The issue is acute because Transpower has major capital expenditure underway, having spent $1.6 billion in a series of grid upgrades in the last two financial years and plans for another $4 billion in capex over the next decade. The upgrades are eliminating long-standing weaknesses in the grid just at a time when New Zealand electricity demand is flattening out.
Transmission costs make up around 8 percent of the average power bill today, but that is already forecast to rise because of the increased value of Transpower’s assets. Transpower is allowed to charge a 7.19 percent weighted average cost of capital on its asset base under current regulations
However, MEUG notes that power prices in the wholesale electricity futures market show an expected average price of $72 per megawatt hour through to the end of 2016, unchanged from 2010 levels.
“If retail competition continues to improve and all else equal … then retail margins should decrease,” MEUG argues, meaning it would expect falling electricity prices.
But if the cost of distributing electricity over the national grid rises more quickly because increased costs are being spread over smaller total consumption, “there is a risk that delivered power prices will continue to rise because savings in the increasingly competitive parts of the sector are more than offset by higher monopoly charges,” Currie wrote. “In some cases, fewer end customers have to meet increasing real line charge, thus compounding the effect on final prices.
“Because the price control regime effectively allows the recovery of deemed cost, as some customers find ways to minimise their usage and charges, the others must pick up a disproportionately increasing share. That will multiply the effect of increases in charges.”

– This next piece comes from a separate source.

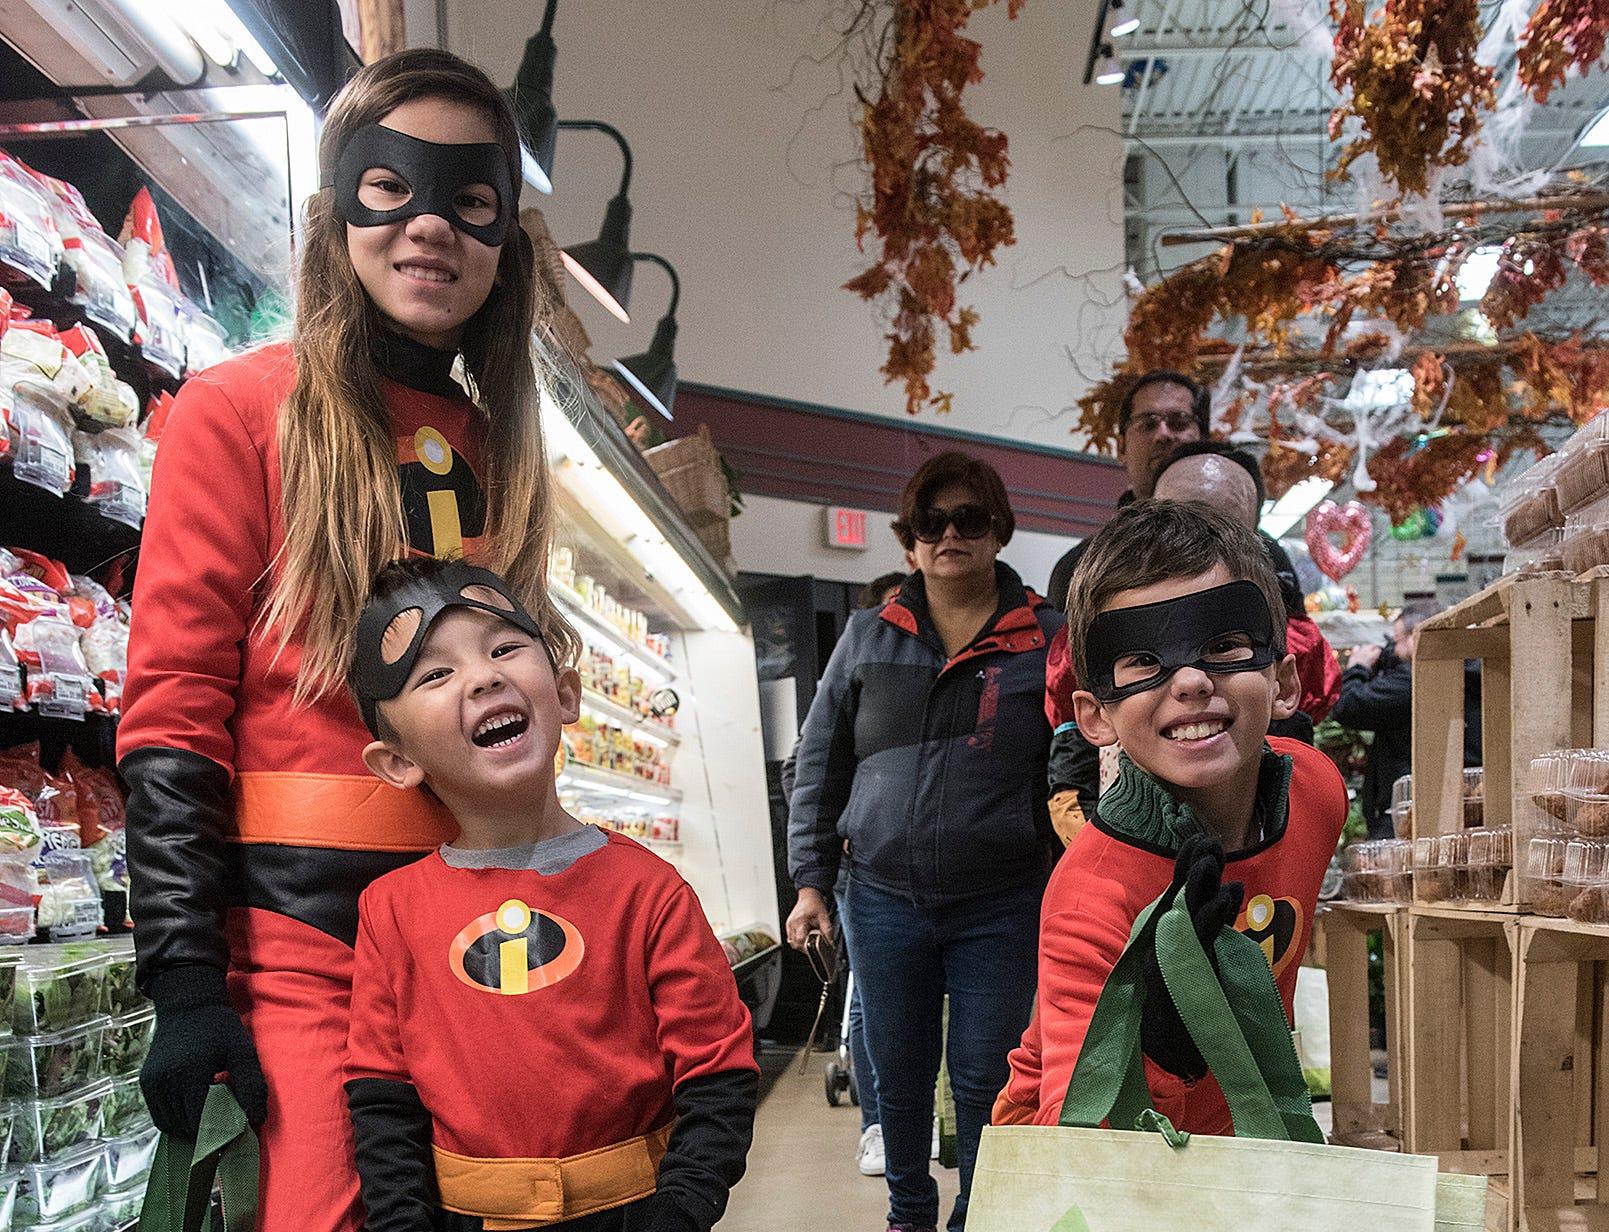 No tricks, just treats as Canton's Holiday Market hosts Halloween bash

However, ministers said in their reply to MEUG not only that Transpower should be able to earn a higher rate of return on its fixed assets if electricity demand fell, but also that the government as shareholder should have no role in deciding to write down the value of Transpower’s assets if they were being used less.
“The implication is that the government, as owner, should also play a regulatory role in determining the prudency of investments, and whether asset values and returns on investment should be lower than those already determined by the Commerce Commission.
“Such an approach would not only risk duplicating the extensive statutory regulatory processes in place, it would also risk undermining those processes,” said Foss and Bridges.